O PT lançou   mão de diferentes expedientes para tal. Nos últimos dias, passou a veicular uma peça com estética e recursos semelhantes a um vídeo famoso, idealizado pelo marqueteiro João Santana — que hoje trabalha para Ciro Gomes (PDT) —, lançado pelo próprio PT em 2014. O material de oito anos atrás mostrava pratos de comida sumindo, para atacar propostas da então adversária Marina Silva, citando um suposto reflexo na vida cotidiana do projeto de garantir independência do Banco Central. A temática deve se manter em alta na propaganda eleitoral na televisão. Até agora, as campanhas só podiam divulgar seus materiais por meio da internet e, desde ontem, em inserções na TV. Líderes nas pesquisas, Bolsonaro e Lula pretendem levar ao ar a defesa de seus legados e comparações entre gestões. Ao longo dos 2 minutos e 38 segundos a que terá direito, o presidente vai apostar nos impactos do Auxílio Brasil, da queda no preço dos combustíveis e, no extremo oposto, dos escândalos de corrupção dos governos petistas. Lula, que dispõe do maior tempo (3 minutos e 39 segundos), vai explorar dificuldades econômicas da população para dizer que em seu tempo o brasileiro vivia melhor, com mais acesso a emprego e renda.

Diferentes estratégias

Terceiro colocado, Ciro Gomes vai focar em propostas voltadas à população mais necessitada, como o programa de renda mínima no valor de R$ 1 mil por domicílio e o refinanciamento para limpar o nome de endividados.
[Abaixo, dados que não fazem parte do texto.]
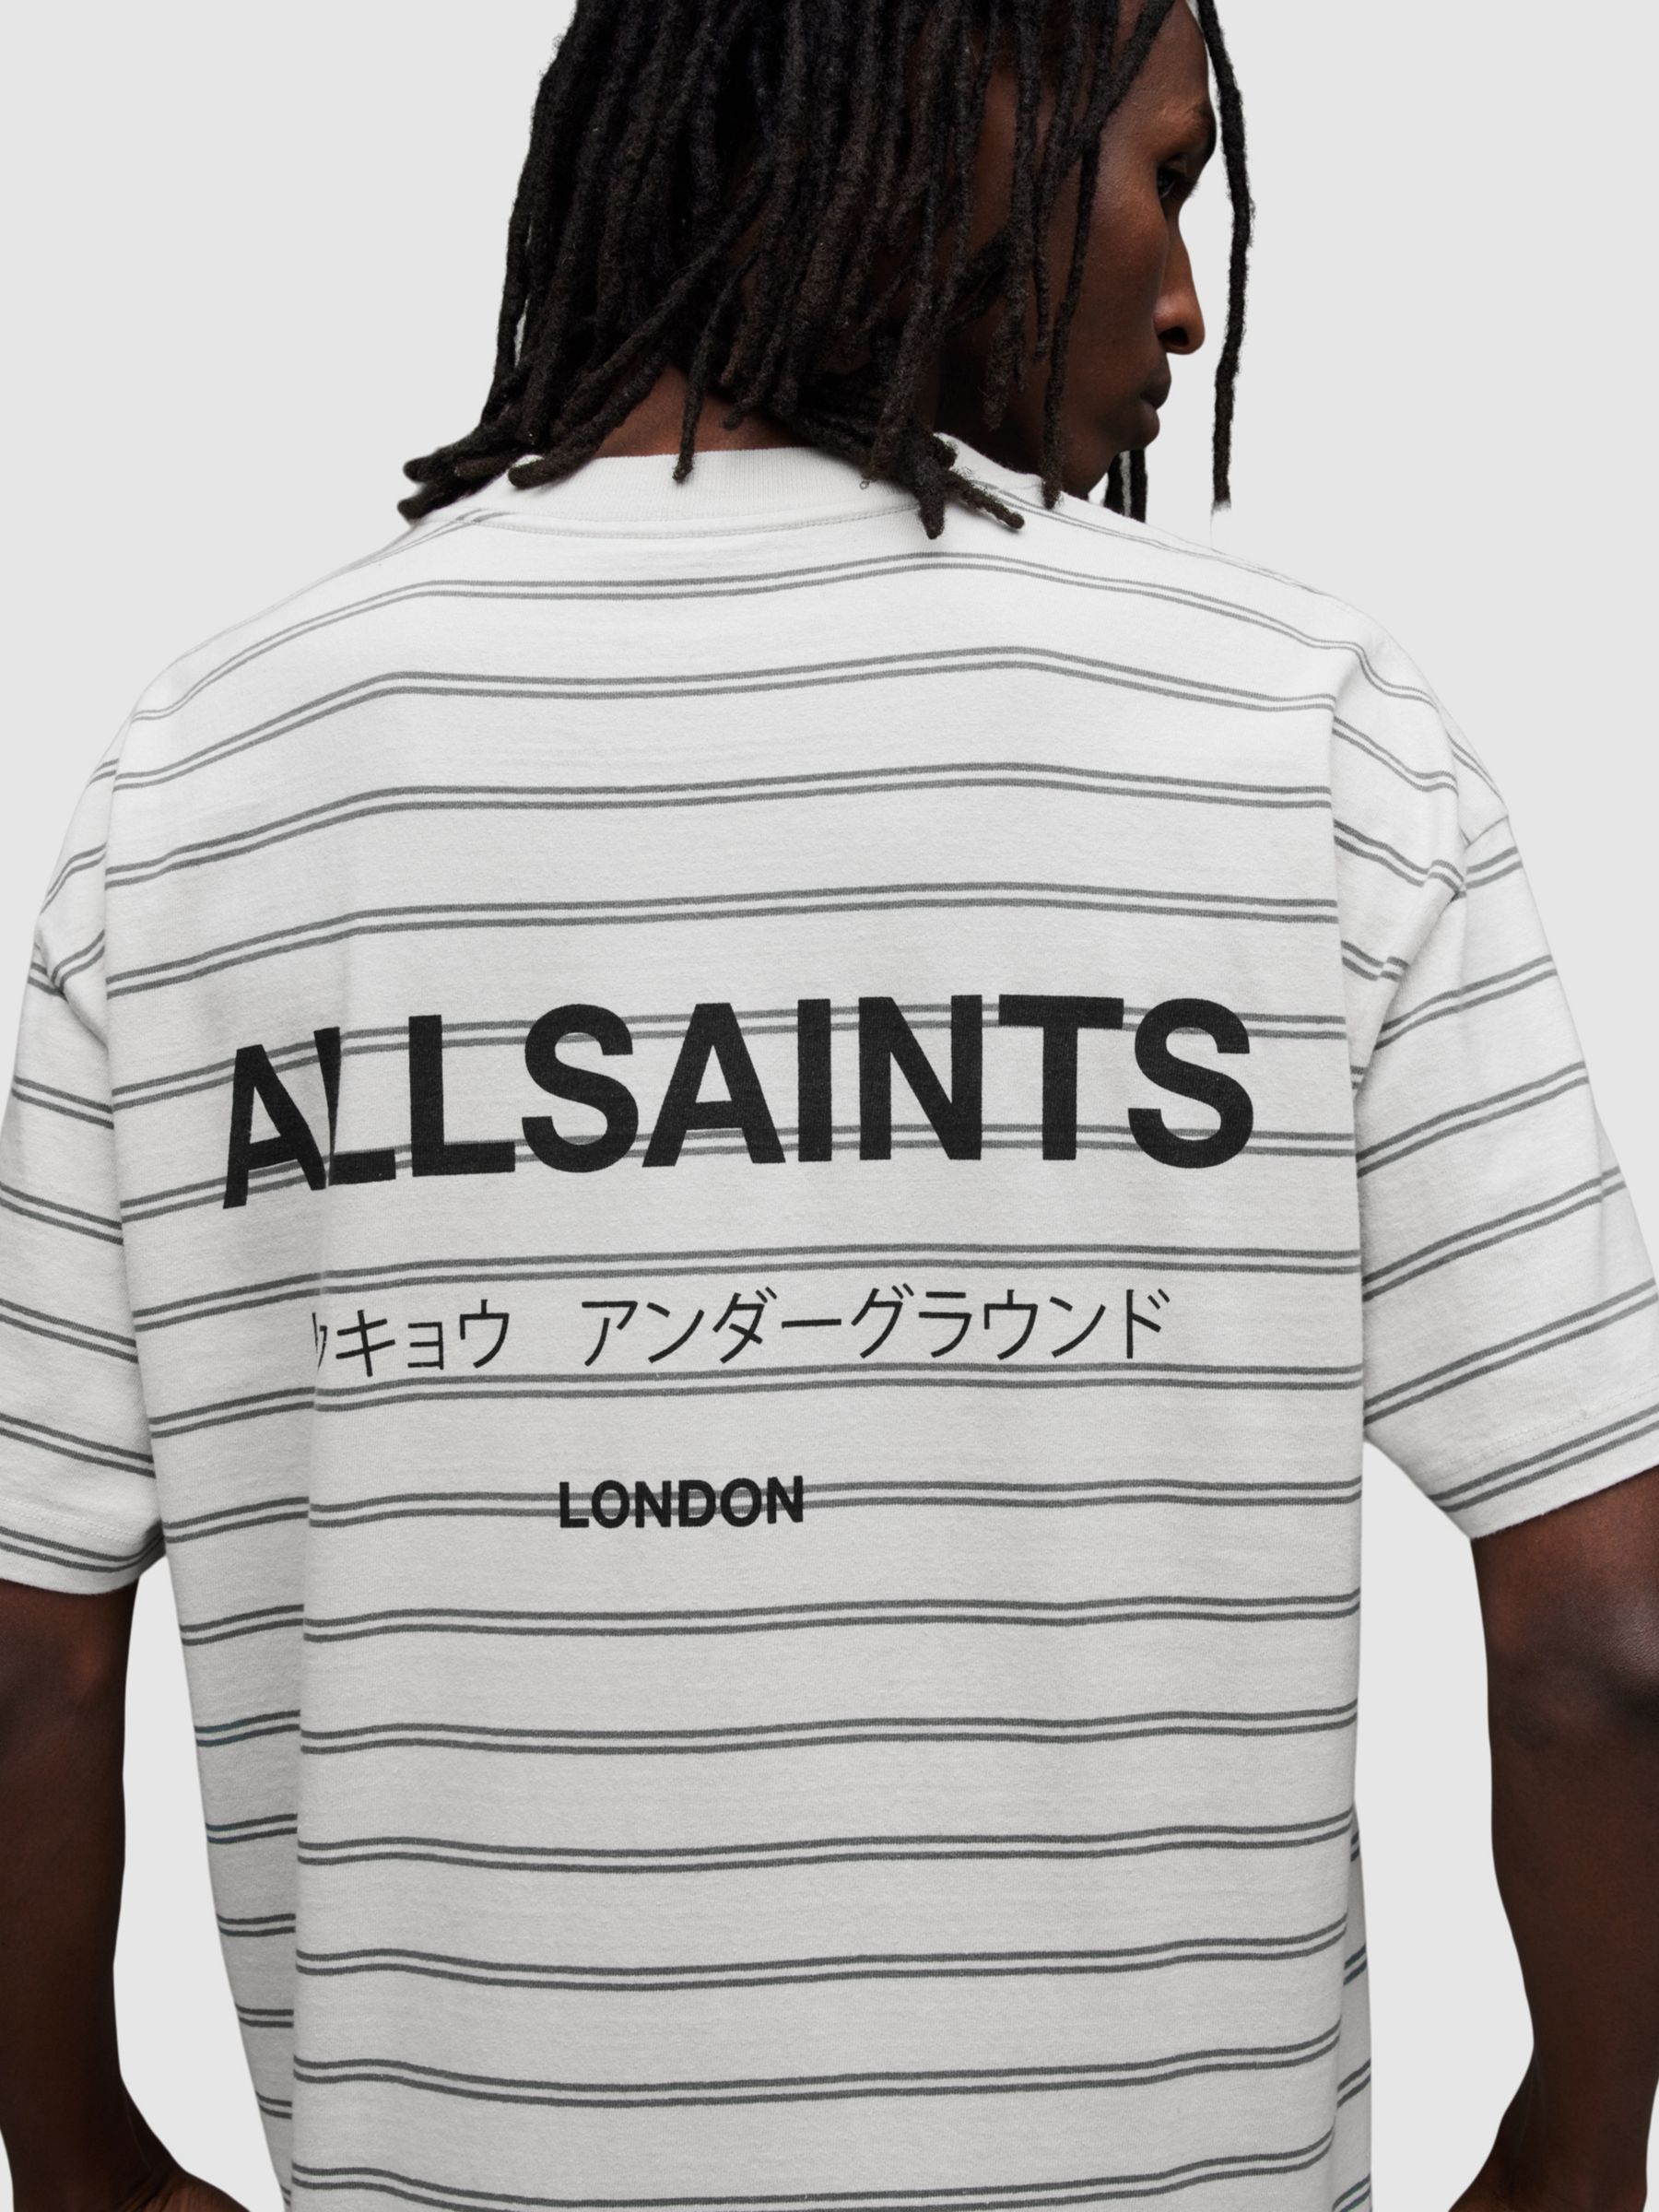 AllSaints Underground Stripe T-Shirt, Grey/Multi, L

A estratégia para aproximar o pedetista do eleitor é fazer um programa com uma linguagem simples e didática. Ele terá só 52 segundos por programa. Simone Tebet (MDB) vai apresentar sua trajetória da senadora, reforçando sua biografia. Tebet ainda é desconhecida de grande parte dos brasileiros e terá 2 minutos e 20 segundos para tentar reverter esse quadro. O plano é intensificar aspectos femininos e um lado humano da candidata, ressaltando pontos que a diferenciem dos adversários.